Data records:
········

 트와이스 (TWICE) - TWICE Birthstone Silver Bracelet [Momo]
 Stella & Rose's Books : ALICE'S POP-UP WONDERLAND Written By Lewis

········

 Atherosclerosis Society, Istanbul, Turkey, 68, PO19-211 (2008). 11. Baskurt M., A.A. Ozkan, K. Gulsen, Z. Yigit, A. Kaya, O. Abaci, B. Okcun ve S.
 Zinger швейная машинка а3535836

········

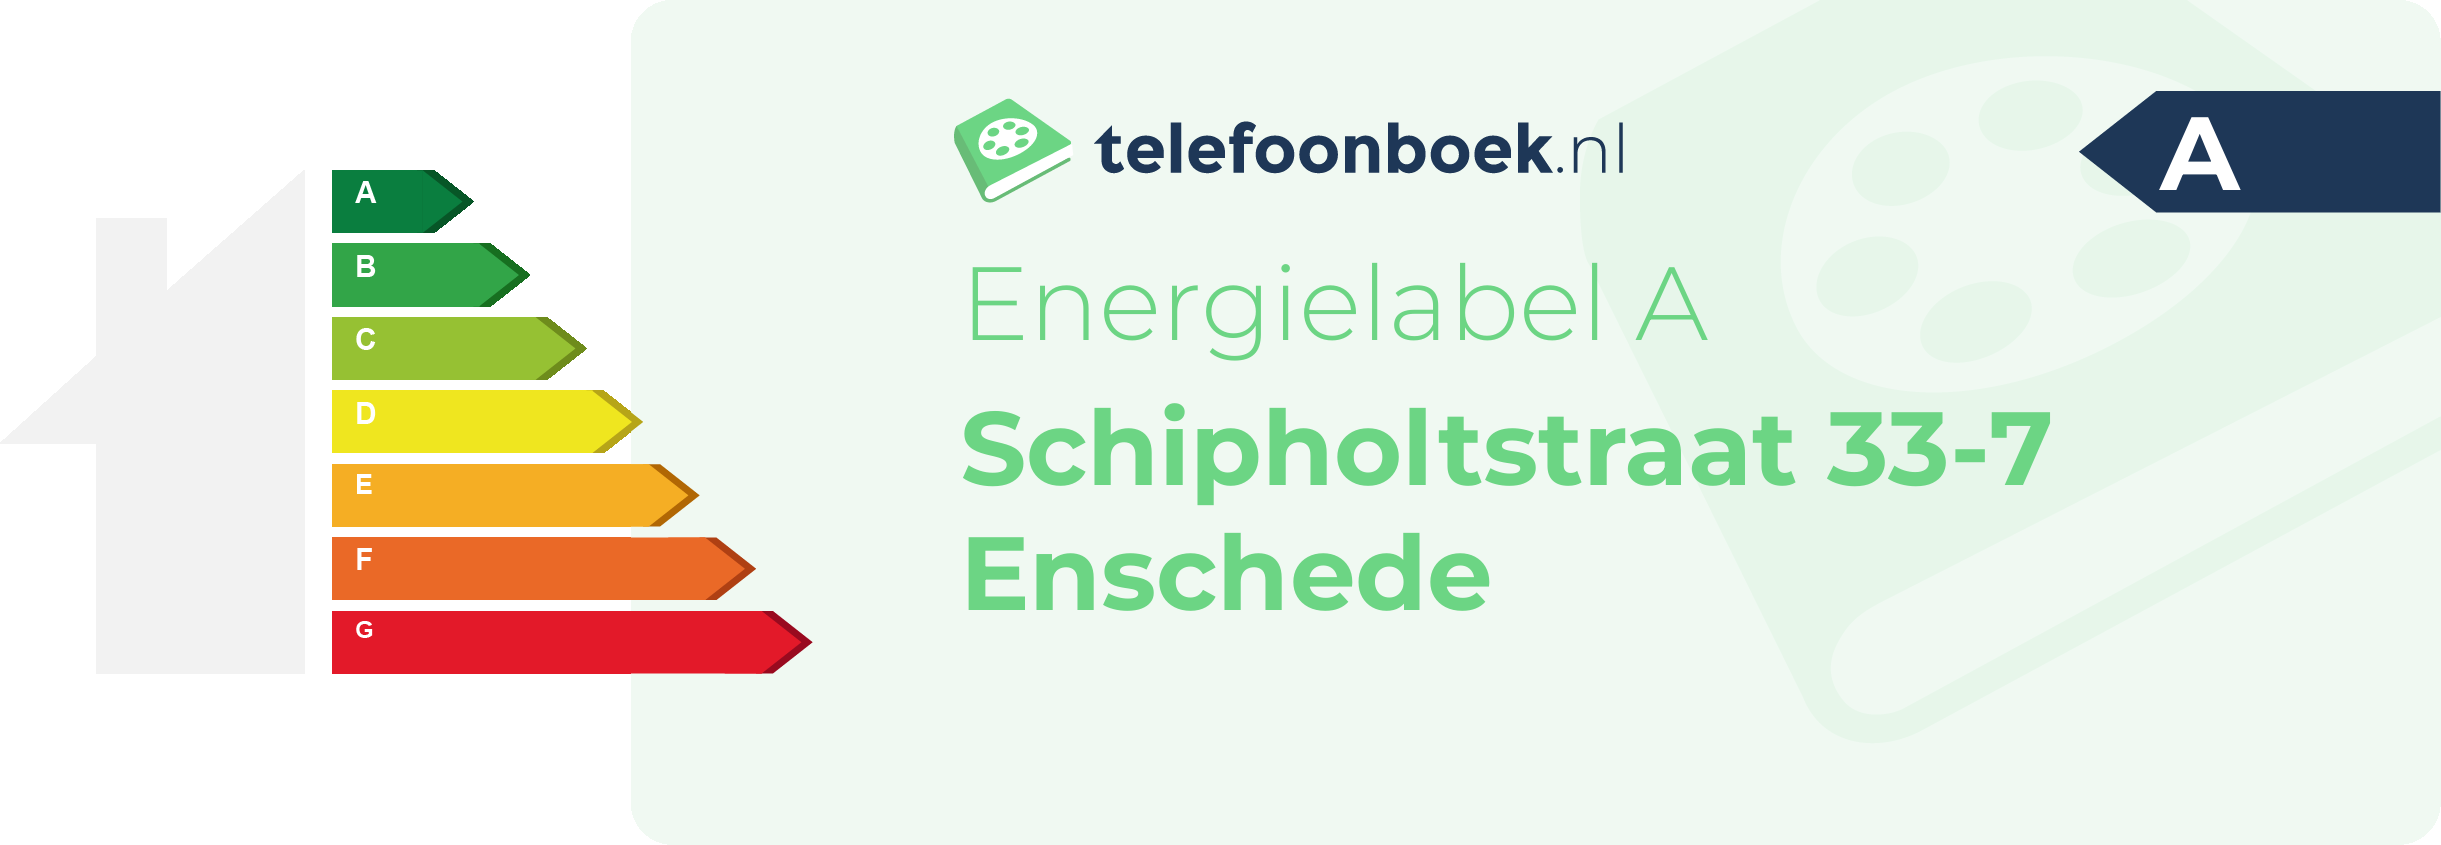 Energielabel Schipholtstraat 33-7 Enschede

········

Task item: Return, unchanged, the run of lines above that opens with the line containing "트와이스 (TWICE) - TWICE" and closes with the line containing "Stella & Rose's". Include both.

Answer space:
 트와이스 (TWICE) - TWICE Birthstone Silver Bracelet [Momo]
 Stella & Rose's Books : ALICE'S POP-UP WONDERLAND Written By Lewis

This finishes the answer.